Fluid Structure Interaction with *MAT_SOFT_TISSUE and EFG Elements

This paper presents LS-DYNA 970.5434a transient simulations for the fluid- structure interaction (FSI) in a prototype biomedical duct. Standard and element free Galerkin (EFG) elements are compared for the nearly incompressible membrane out of *MAT_SOFT_TISSUE, which is a composite reinforced hyperelastic material. The coupling of a multi-fluid arbitrary Lagrangian Eulerian (ALE) solid domain to an EFG solid domain is possible and its LS-DYNA implementation keeps developing. The paper describes particularities of this coupling. The EFG simulation for nearly incompressible materials necessitates a non-default support of 1.4x1.4x1.4 or even higher for accurate results. The EFG simulation demands higher computation times than the standard formulation with reduced integration and type 6 hourglass control.
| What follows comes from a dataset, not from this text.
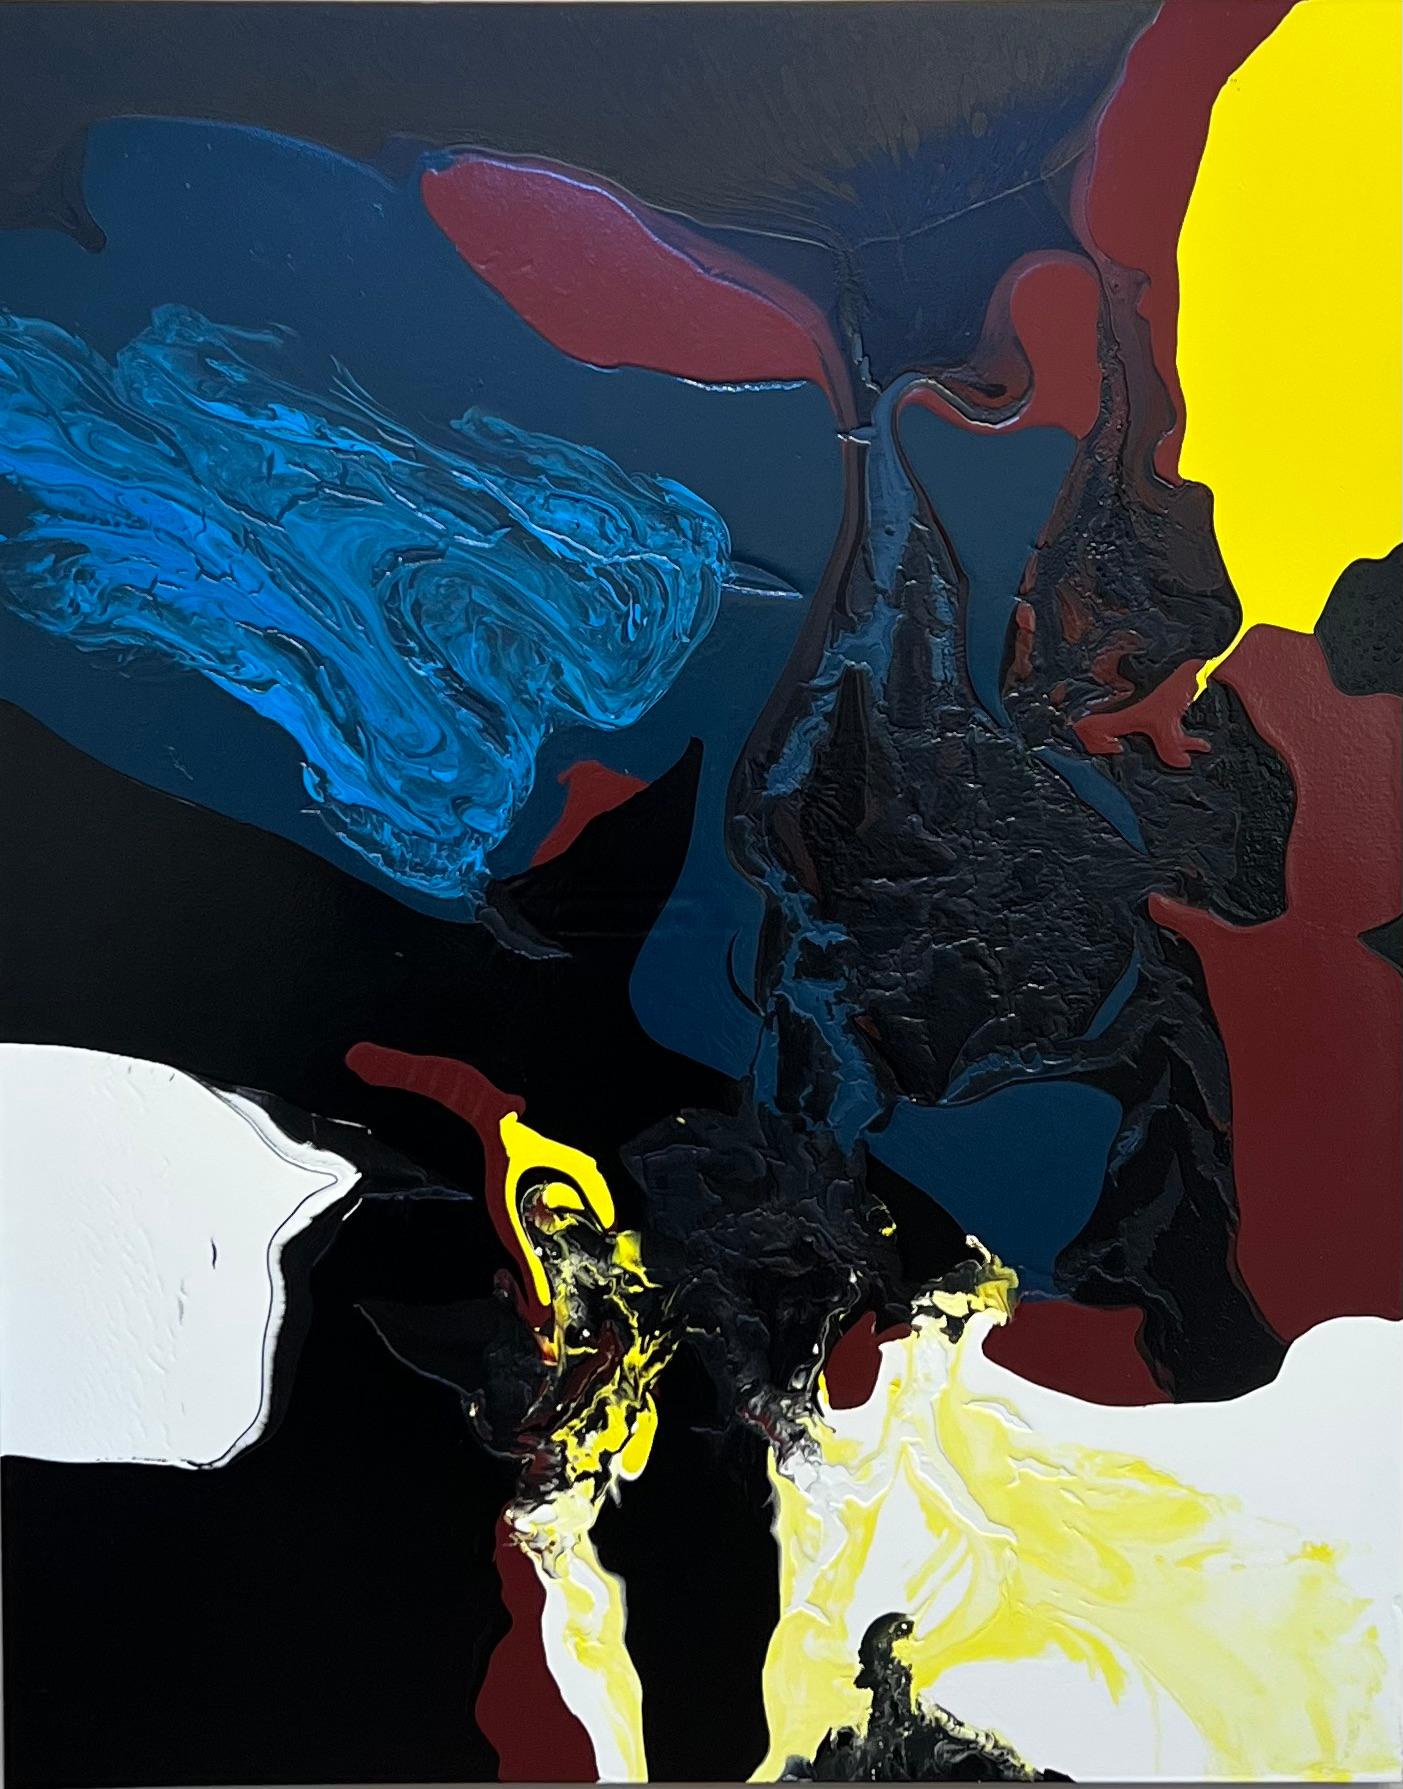 Hot Mix, par Glenn Green, abstrait, peinture, contemporain, texture, noir, rouge

Peinture sur toile contemporaine, texturée, aux couleurs luxuriantes.

L'artiste est basé à Santa Fe, au Nouveau-Mexique.

An example is shown, in which the high ratio of the elastic moduli chosen for the fibers and the bulk of the soft tissue material generates a severe hourglass problem that only the EFG method can cope with. The standard formulation, however, is remarkably robust and it proves difficult generating an extreme situation where only EFG works and the solver run would abort otherwise. So the potential of the EFG method lies in the accurate prediction without introducing non-physical energy in the system for hourglass stabilization, in situations, where selective reduced or full integration show a too stiff behavior and reduced integration has a hourglass problem. Although LS-DYNA 5434a is already much faster than 5434, a more computational efficient implementation of EFG for solid elements is required. Therefore, the features of the LS-DYNA 971 beta version, which address this lack of performance, are assessed as well. The paper features an abstracted input deck.